# Fish Taco Recipe TNT



## PA Baker (Jan 22, 2008)

1 1/2 pounds fish fillets (I always use a mild white fish, often tilapia)
1/8 teaspoon garlic powder
1/8 teaspoon chili powder
1/8 teaspoon fresh ground black pepper
Lime juice (I use a whole lime because I like it extra "limey")
1/4 teaspoon crushed red hot pepper
2 teaspoons Worcestershire sauce
2 tablespoons vegetable oil


Combine garlic powder, chili powder, pepper, lime juice, crushed red pepper and Worcestershire sauce. Marinate fillets 30 minutes to 1 hour in a zip bag.

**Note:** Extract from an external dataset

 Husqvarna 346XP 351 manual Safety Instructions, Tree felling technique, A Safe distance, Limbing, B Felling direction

Cook fish in frying pan on medium heat until it flakes easily with fork.

I usually saute some onions and peppers and also top with some or all of the following: shredded cabbage or lettuce, tomatoes, cheese, avocado, and tomato.


----------



## GotGarlic (Jan 22, 2008)

Sounds great - thanks for posting this


----------



## pacanis (Jan 22, 2008)

That sounds pretty good. I love tacos and this will be a different twist.


----------



## Loprraine (Jan 22, 2008)

Thanks for the recipe, PA!!


----------



## QSis (Jan 22, 2008)

and then...... what???

Sorry, P A, I'm taco-challenged!

Do you put them in soft flour or corn tortillas and roll them up, or do you put them in those crunchy U-shaped things that fall apart when you bite them, or what?

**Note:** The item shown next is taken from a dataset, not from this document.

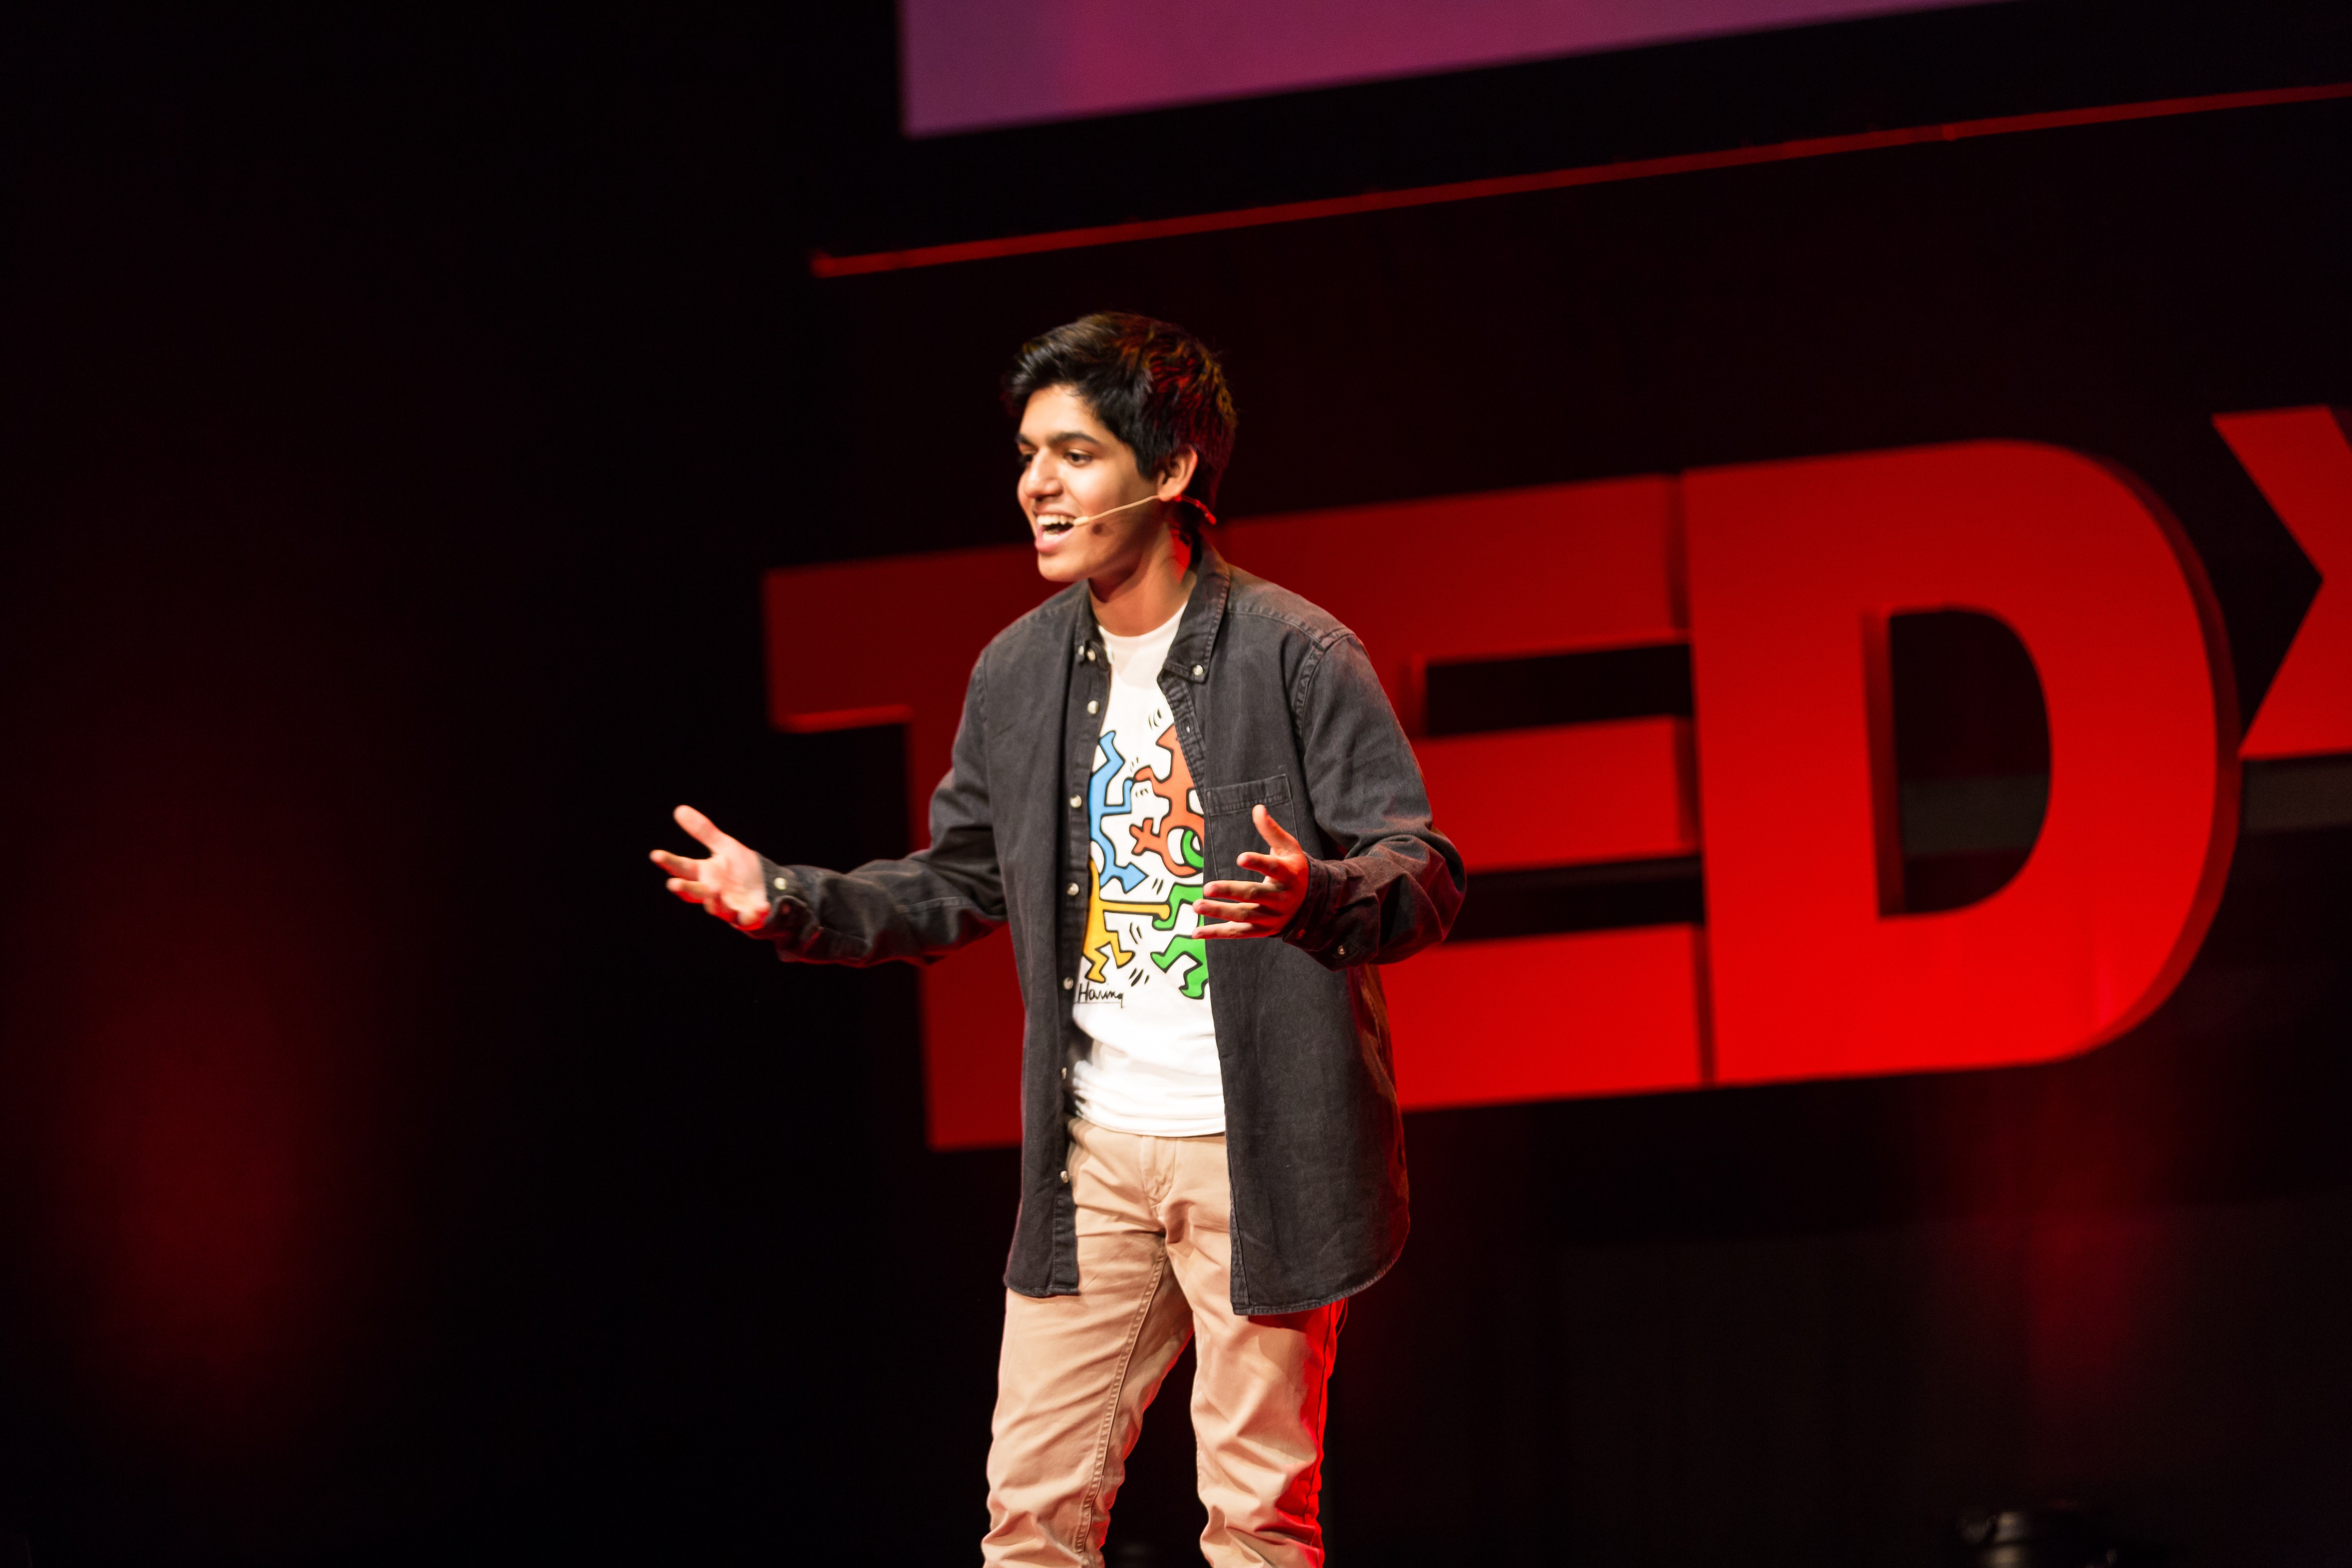 Whether they have graduated from university at the age of 13, spoken at TEDxTeen, or been able to name world’s 196 countries before starting school, these five prodigies hope to use their talents to make the world a better place

I love the sound of the filling!

Lee


----------



## GotGarlic (Jan 22, 2008)

To me, the crunchy U-shaped things are tacos - the others are wraps or burritos  But it's all good. Use whichever you like best.


----------



## pacanis (Jan 22, 2008)

GotGarlic said:


> To me, the crunchy U-shaped things are tacos - the others are wraps or burritos  But it's all good. Use whichever you like best.


 
 That's exactly what I always say.

Old El Paso taco shells are the best. Much lighter tasting than Ortega. Jumbo if you can get them (only Wally World carries the jumbo shells by me). Follow the directions on the box for the oven and they shouldn't fall apart on you, Q. 

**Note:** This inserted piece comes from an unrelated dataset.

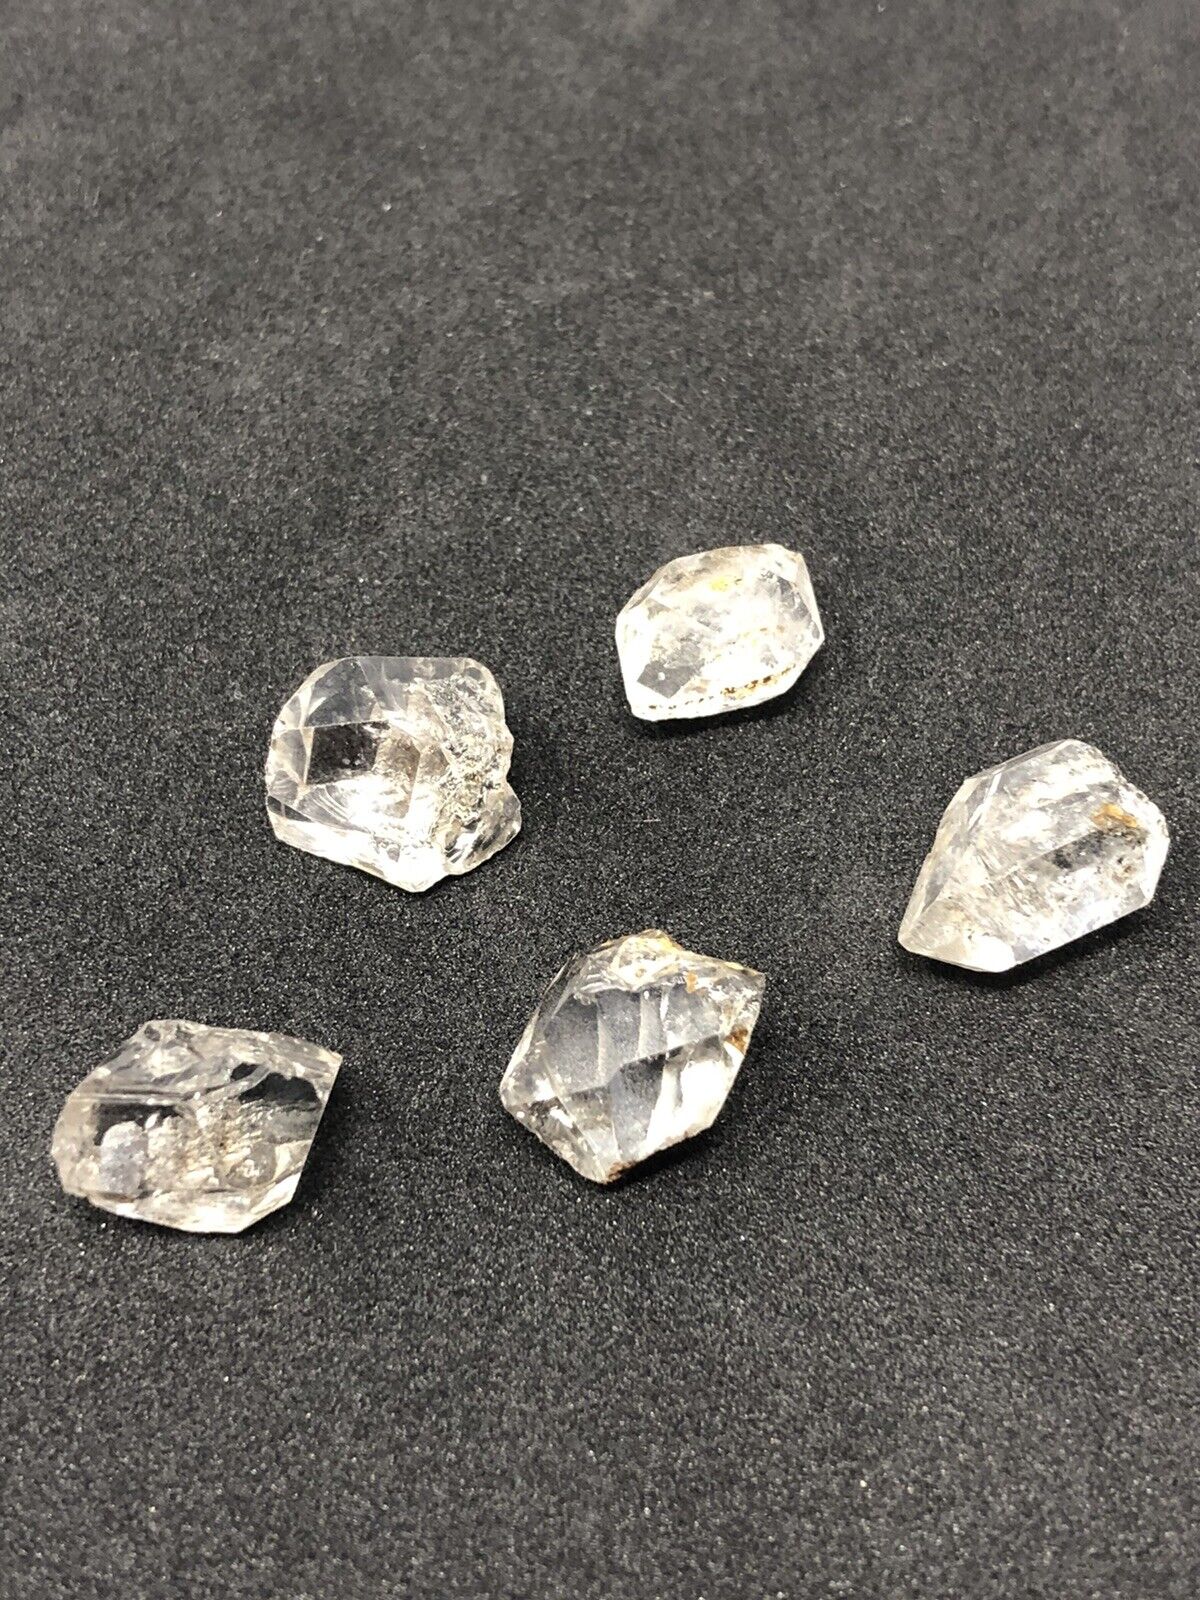 5 Piece Set Collection Herkimer Diamond Quartz 7.8g raw & Water Washed Only C2

And get yourself one of these. They make life and tacos so much easier


----------



## sattie (Jan 22, 2008)

YUM!!  I love fish tacos!!!


----------



## PA Baker (Jan 22, 2008)

We often use the soft taco shells (less fat, and we're trying to keep it healthy).  I just fold over the sides (like you fold a letter) and don't roll since they're usually too full for that.

I split the cooked fish down the middle lengthwise and then place the pieces into the shells (soft or hard).  Here, one fillet fills two tacos.  I make sure we leave room for all of the toppings.

Like pacanis said, be sure you heat the shells, whether you use the soft or hard.  They don't fall apart then and they taste much better, too.


----------



## Maverick2272 (Jan 23, 2008)

We like to use Indian flat bread as the shell and top with a baja sauce. Yum, kinda like Taco Bells idea of a Chalupa, only with real ingredients, LOL.


----------



## STORMmcfearson (Feb 4, 2008)

Looks good thanks for sharing


----------



## QSis (Feb 4, 2008)

pacanis said:


> Follow the directions on the box for the oven and they shouldn't fall apart on you, Q.


 
Pacanis, are you saying that even when I take a bite, the thing won't shatter into a million pieces?  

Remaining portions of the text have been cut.